Among the people who have found their own solutions is accessibility consultant and inclusive technology evangelist Molly Watt. She has Usher Syndrome, a rare genetic disorder that causes hearing loss and blindness. The story she told the summit about the lack of support for technology reflected the experience of many patients.
“When the blindness came on the audiologist knew nothing about the blind side and the visually impaired people didn’t know about the deaf side, and I was caught in the middle. When it came to the right technology the guidance just wasn’t there. There were a lot of misconceptions.”
Watt exploits the impressive accessibility features of Apple products: “My hearing aids Bluetooth-connect to my Apple watch as well as my iPhone, so I can direct stream from my watch phone calls, music, navigation straight to my hearing aids. In terms of safety and independence as a deaf blind person that is lifechanging.
“So it is through my journey of discovery that I found how mainstream tools can make my daily life easier. It wasn’t through the clinics.
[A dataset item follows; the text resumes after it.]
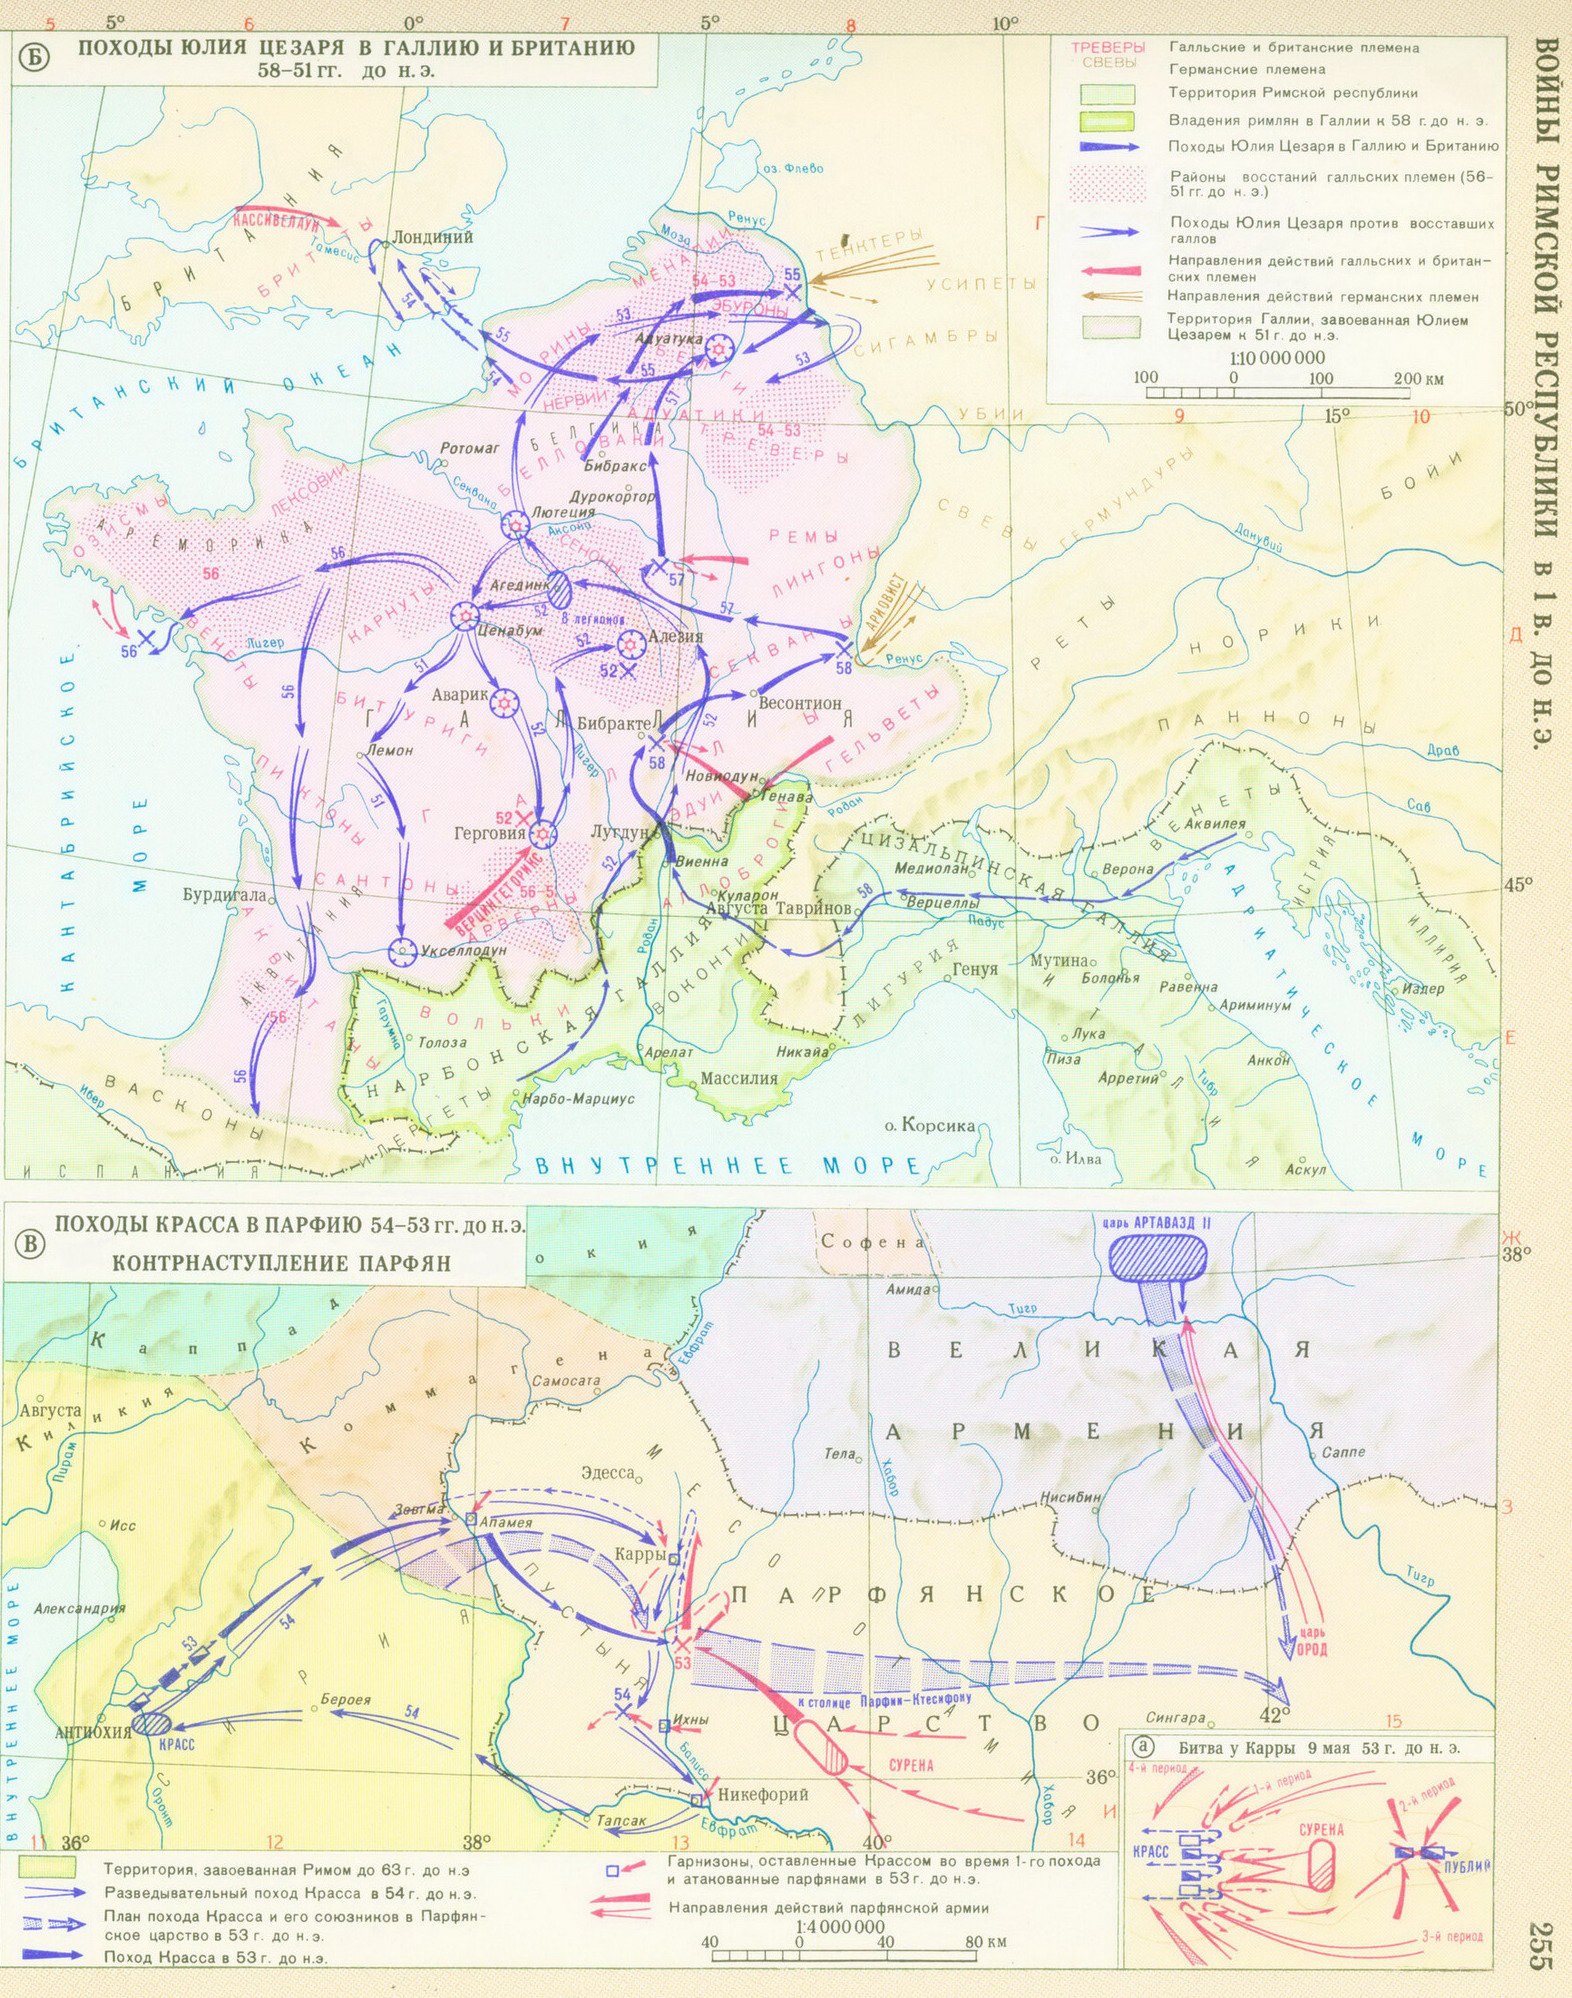 Гражданские войны в риме в 40 30 е гг до н э карта

There should be more awareness of what can be done.”
The challenge ahead
Just as there is a national drive to make the NHS paperless, there needs to be a concerted effort to exploit the potential of patient apps. The benefits for individual patients are impressive, but the big opportunity for the NHS is to manage demand for services.
Achieving this will require end to end reform. Clinical training needs to provide the confidence to work with digital technology and the coaching skills to help patients manage their conditions.
Patient need to learn how to identify and use the right technology, while the NHS needs to move much faster in identifying the best.
Hospitals, surgeries and care homes need to provide the infrastructure to make it all work.
Technology companies need to meet patients’ needs comprehensively, which means involving them in every stage of design and development.
Most of all, people need to accept responsibility for self-management of their health, and understand the potential to technology to help them do it.